Did I misunderstand Udell’s argument against WinFS?

Several responses to my last post on Jon Udell’s entries on WinFS suggest that I didn’t get the Jon's point at all.  Dare wrote “You missed his point almost completely.” And David (no blog link provided) said “Next time, try reading the article before you respond to it.   Where does he contend that "full text search over XML files is good enough"?”  I bumped into Alex Hopmann (another active MS blogger, I see 😉 at the gym, and he said I missed the point too.

Well, David, I was just going by what Jon said his point was:

Here's the point of this installment. To the extent that our personal information stores contain information represented in XML, we have standard ways to search them.

Note also that the one example he gives (“There's no need to wait until 2007 to see what this would be like”) is all about searching over XML tags,

The same XML data will be open to the more powerful kinds of search available in the newer XML technologies now coming online: XPath 2.0, XQuery. Meanwhile, a growing number of databases are gearing up to do this kind of search efficiently, often in combination with both relational and free-text querying.

 And here’s how Jon himself summed up that original entry, as a prelude to his second entry on WinFS:

I concluded that the compelling benefit of WinFS must lie in the realm of "organizing stuff" rather than just "finding stuff" -- else why not just leverage existing and well-understood relational, free-text, and XML search methods?

So let my try again.  Here’s how I read Jon’s argument across his two WinFS entries:

  1. Everybody agrees that users need help finding and organizing their data.

  2. There are two basic ways to approach this problem

    1. Simply full-text index all your content, to allow quick full-text search

    2. Allow for semantic relationships between data to enable a richer search/organization experience

  3. The first option, full-text, is pretty darn appealing: “The power of pervasive free-text search, by the way, is something that Microsoft seems consistently to underestimate”, “brute-force free-text search routinely trumps navigation and structured search

  4. There is added value to the relationship approach: “it's easy to state the practical benefit. If my personal information store contains items of types Person, Organization, Project, and Document, and if it knows about relationship types like Employment and Authorship, then I can easily answer questions like "Which Project X documents were written by Doug?"

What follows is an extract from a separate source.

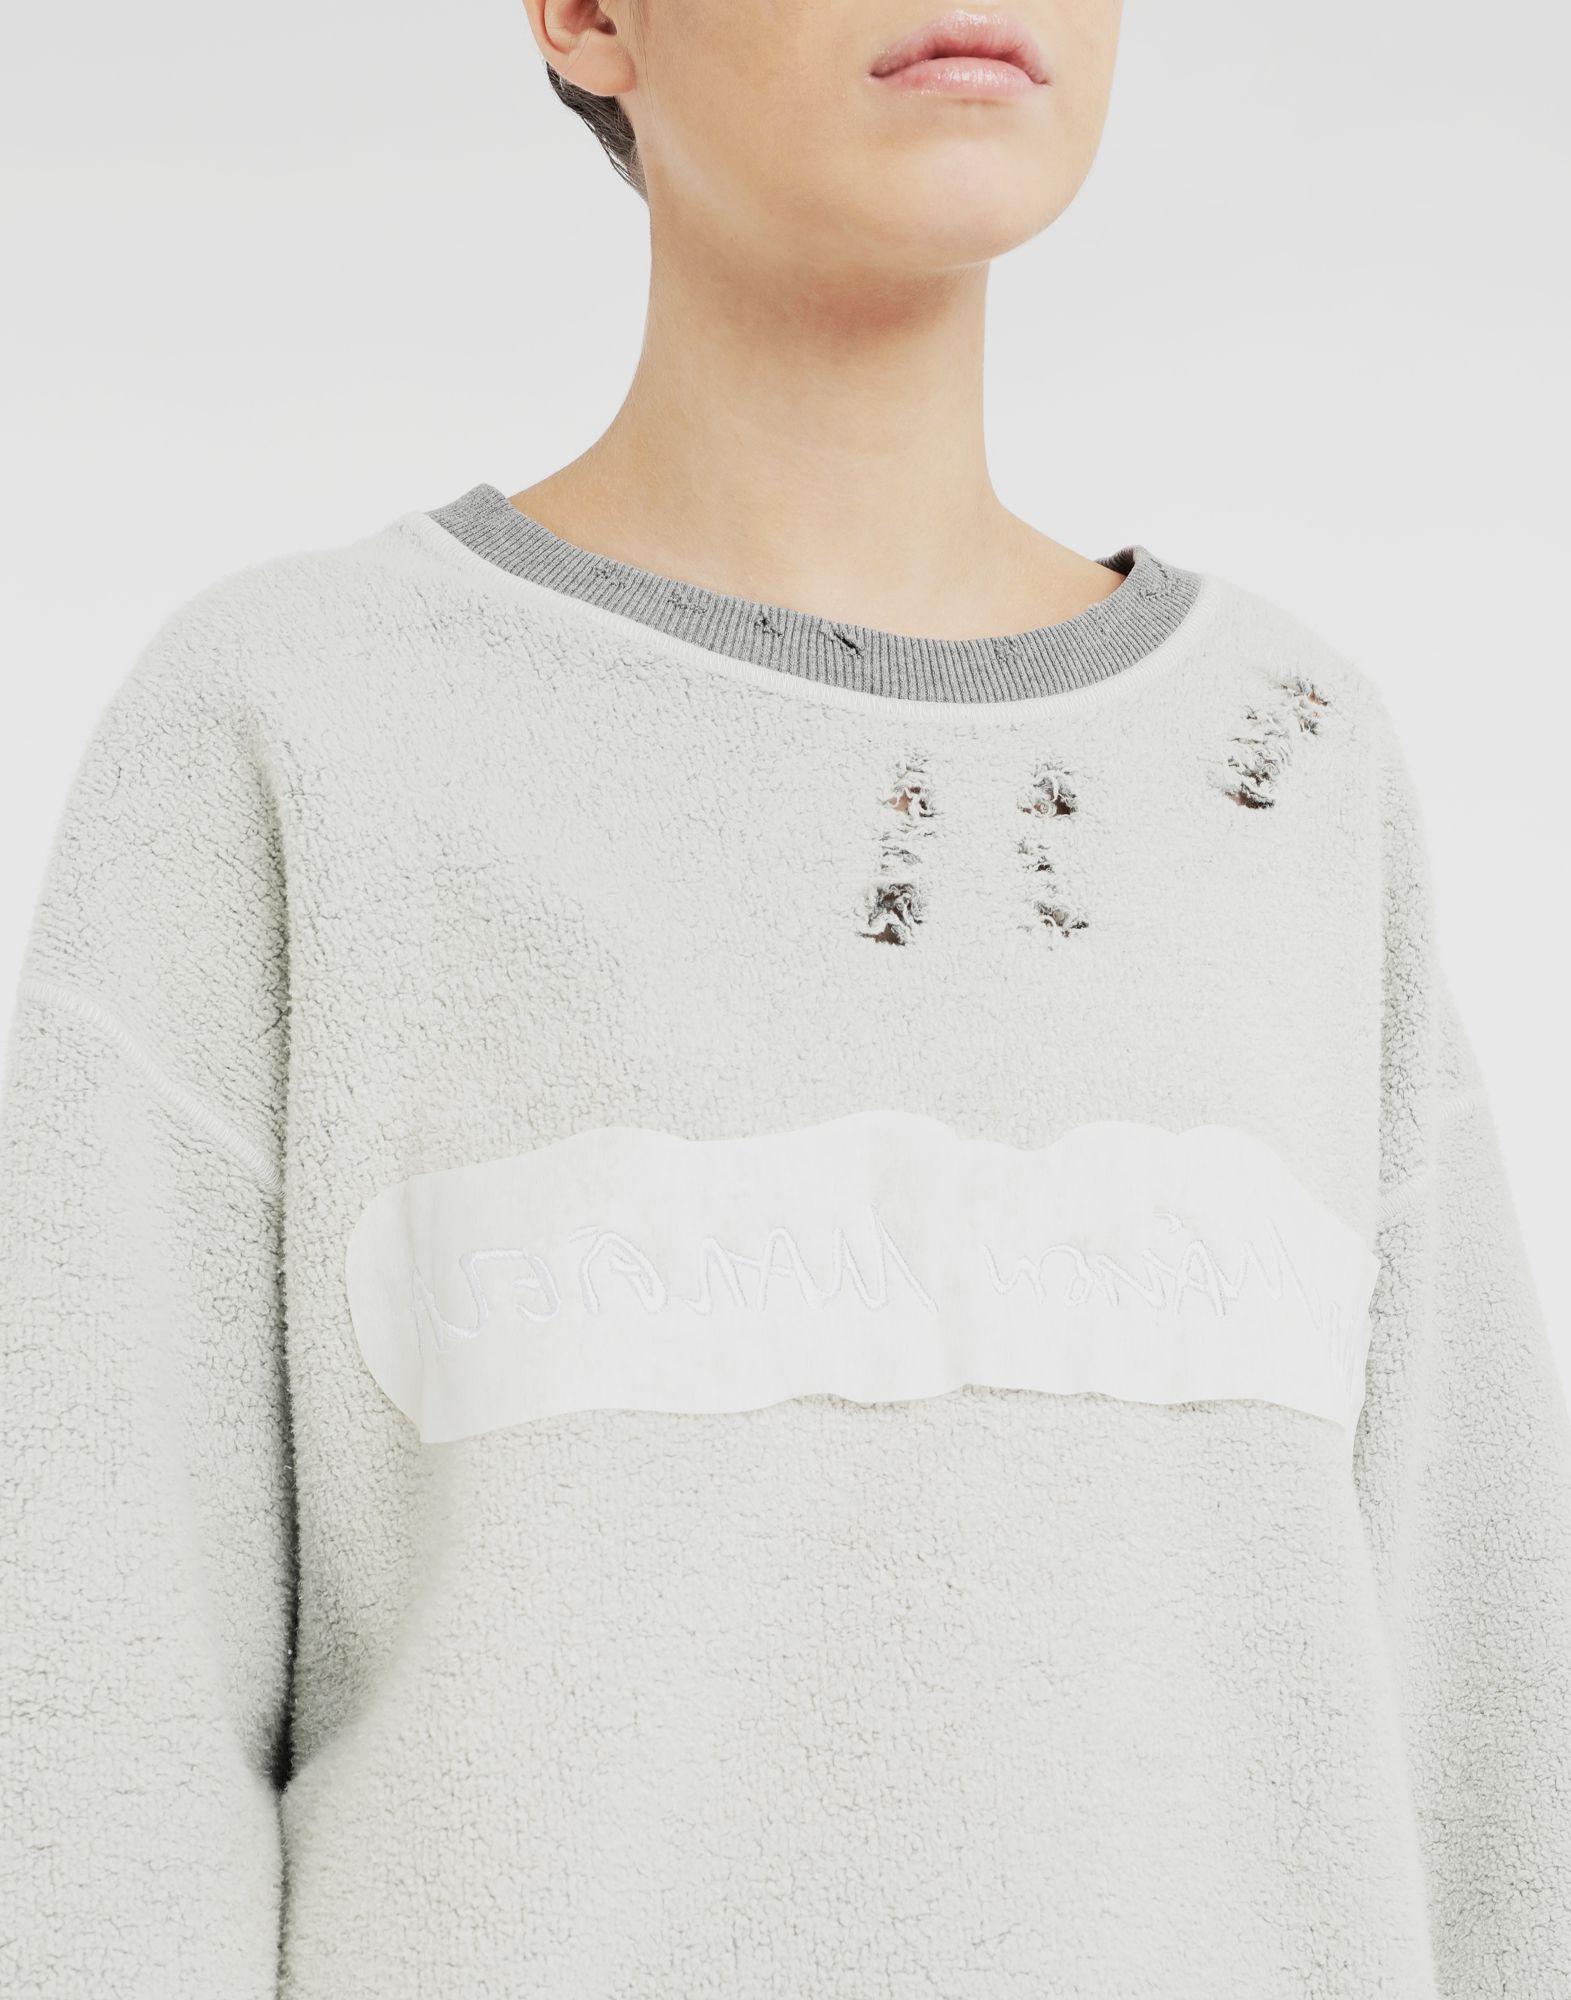 MM6 MAISON MARGIELA Logo reversible sweatshirt Sweatshirt Woman a

  5. But, we’re years away from a world like (4), with consistently rich relationship data: “in practice, I wonder if anybody […] can mandate such an approach given the chaotic messiness of reality”, and quoting Joshua Allen, “real-world information is chaotic

  6. On the other hand, the trends do support a world where full-text is a reality, thanks to two trends: “the growing use of open XML file formats, and the steady advance of databases that can index and search XML content.”

  7. These trends in (6) foster the following philosophy: “Let's get schematized information out into the open, where any XML-aware tool can see it and touch it and work with it

  8. WinFS, by contrast, “envisions a canonical set of schemas woven tightly into Longhorn”, and embraces the philosophy “Let's put schematized information into Windows, where any CLR-aware Windows application can see it and touch it and work with it

  9. In conclusion, “Personal information management, in Longhorn, will be a walled garden with its own notion of schema, and its own query language. To give users the benefit of finding stuff, Longhorn-style, developers will have to implement the Longhorn model. And then they'll have to find ways to unify that approach with the XML-oriented model prevailing in the world at large -- and indeed, even on pre-Longhorn Windows systems.”

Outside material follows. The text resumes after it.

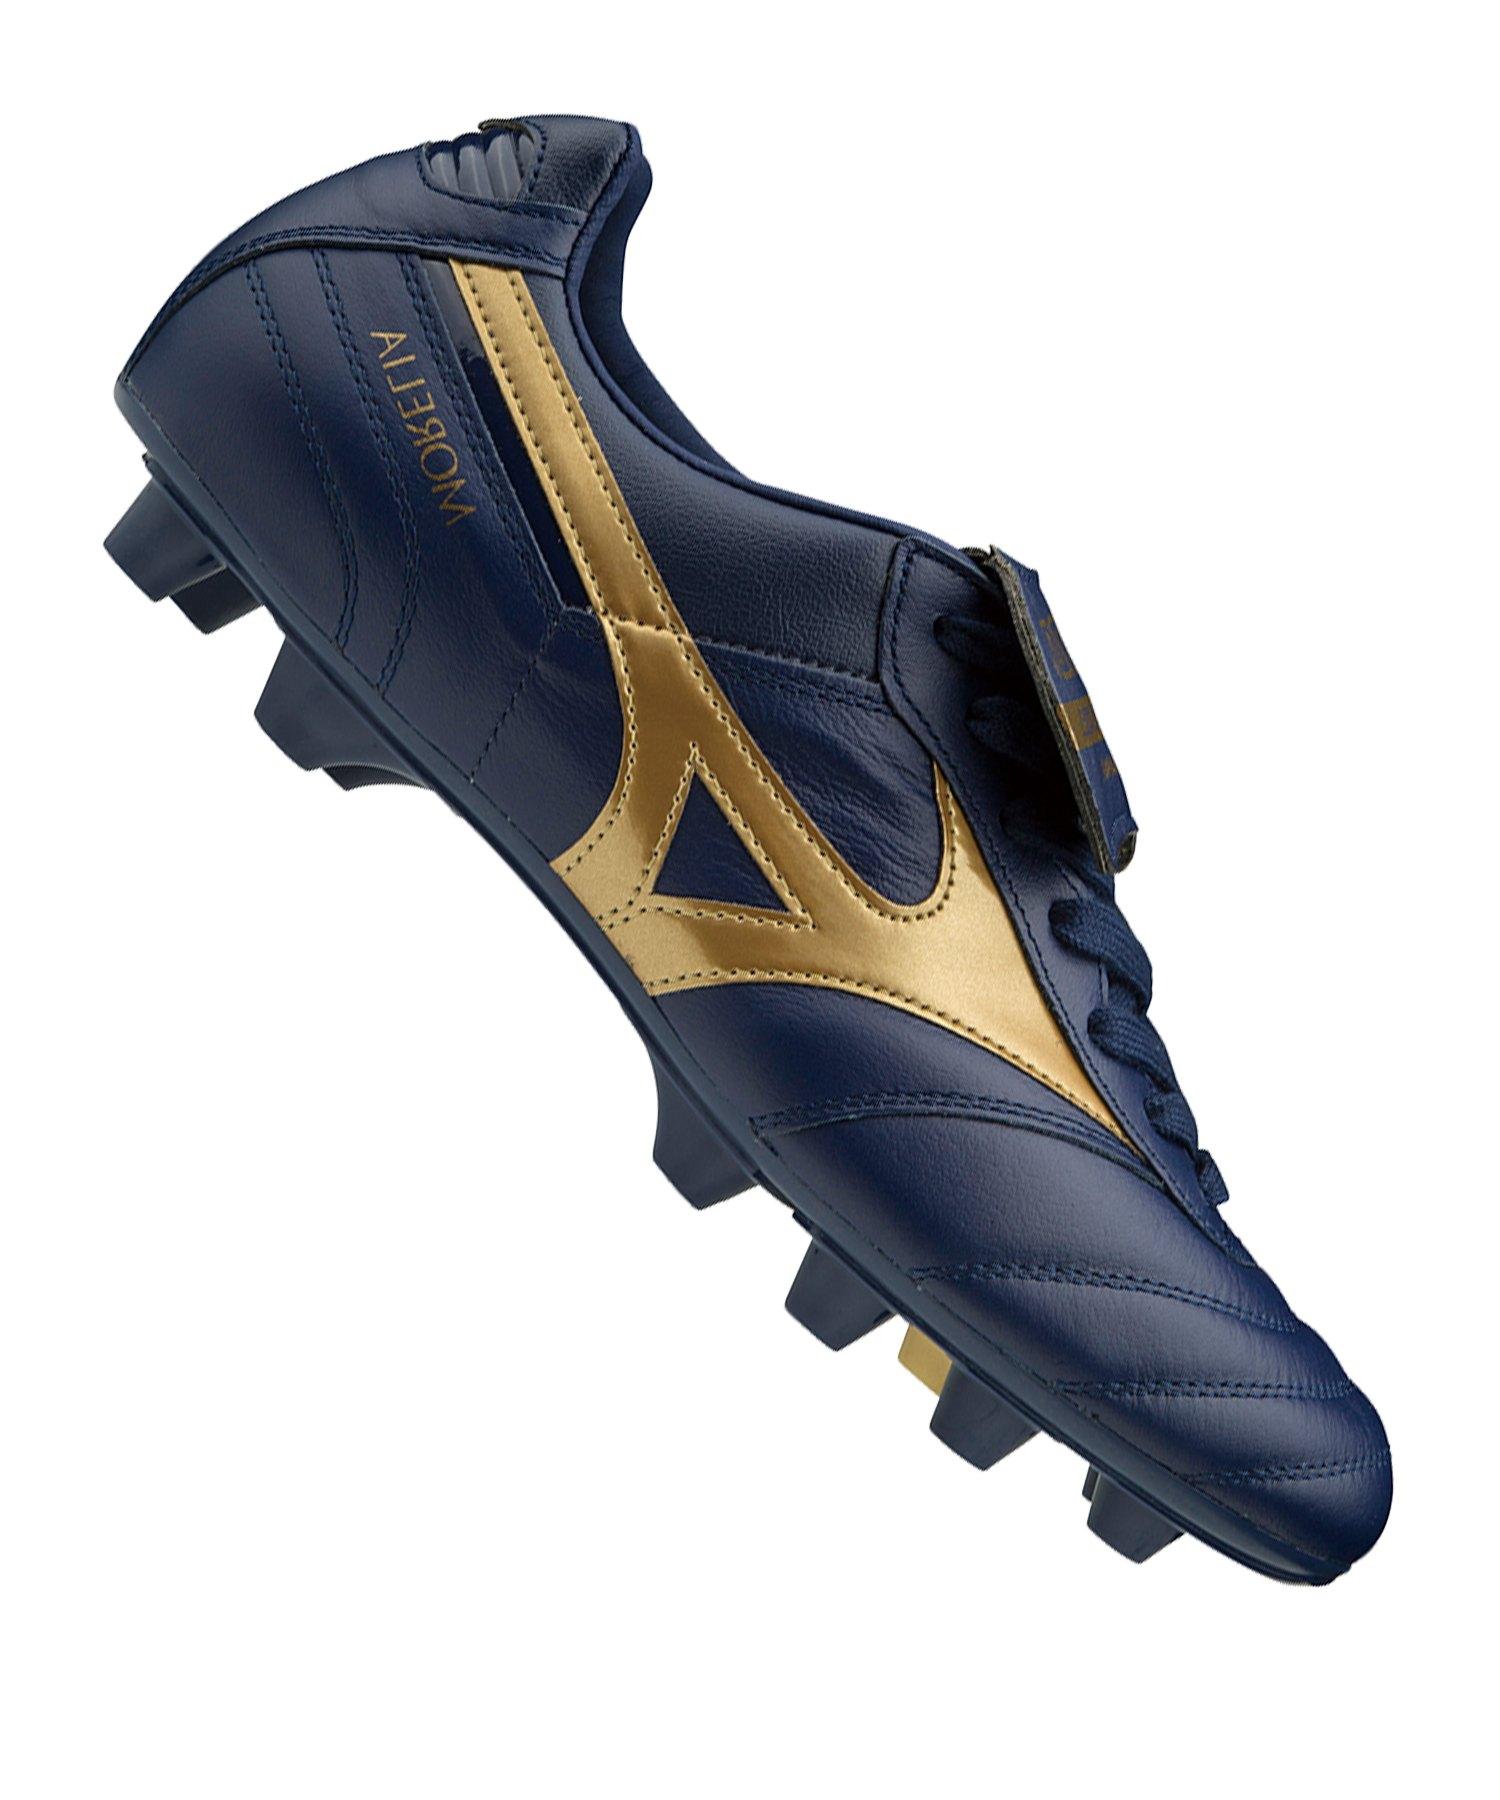 Mizuno Morelia II Japan FG Blau Gold F50 - blau

 I see that Dare restated Jon’s argument in far fewer words than I just did:

"If the software industry and significant parts of Microsoft such as Office and Indigo have decided on XML as the data interchange format, why is the next generation file system for Windows basically an object oriented database instead of an XML-centric database?"

But I don’t see that as what Jon was asking.  He didn’t argue about a relational model vs. hierarchical model, or XPATH vs. T-SQL vs. ADO.NET or what have you.  (What is an “XML-centric database” by the way?  Is Yukon object oriented, relational or XML-centric?)

Jon’s point as I read it really boils down to “why are you taking this very complicated, rigid structured approach, when we can get along just fine with simple search over transparent XML files?”  You see it in his second post, where he's not arguing XML vs. relational, he's arguing the value of  “RDF/SemWeb“ vs. just plain simple XML files (and using Dare's words to do it.)

Let me stop here with this entry.  Did I get the point?  If not, help me out by providing your own breakdown of Jon’s premises and conclusions.  Once I'm sure I have the argument, I'll provide some commentary on each of the presmises.

Comments (10)
  1. Paschal says:

    Jeremy whatever the system WinFS will use, the point is that the user will have to enter more data to make its own data relevant. Where are the benefits in this ? I want my computer doing the job indexing my documents, not me. A relational model is a waste of time if nothing is done to simplify the indexation process. As developers, we enjoy developing complex stuff, but we forget too easily the world outside. My opinion: make it simple as Google and yes it will be a success. Otherwise WinFS will be used by a bunch of elitists blokes.

  2. Alex James says:

    I think the point everyone seems to overlook is that WinFS will actually mean users need to enter less data, not more.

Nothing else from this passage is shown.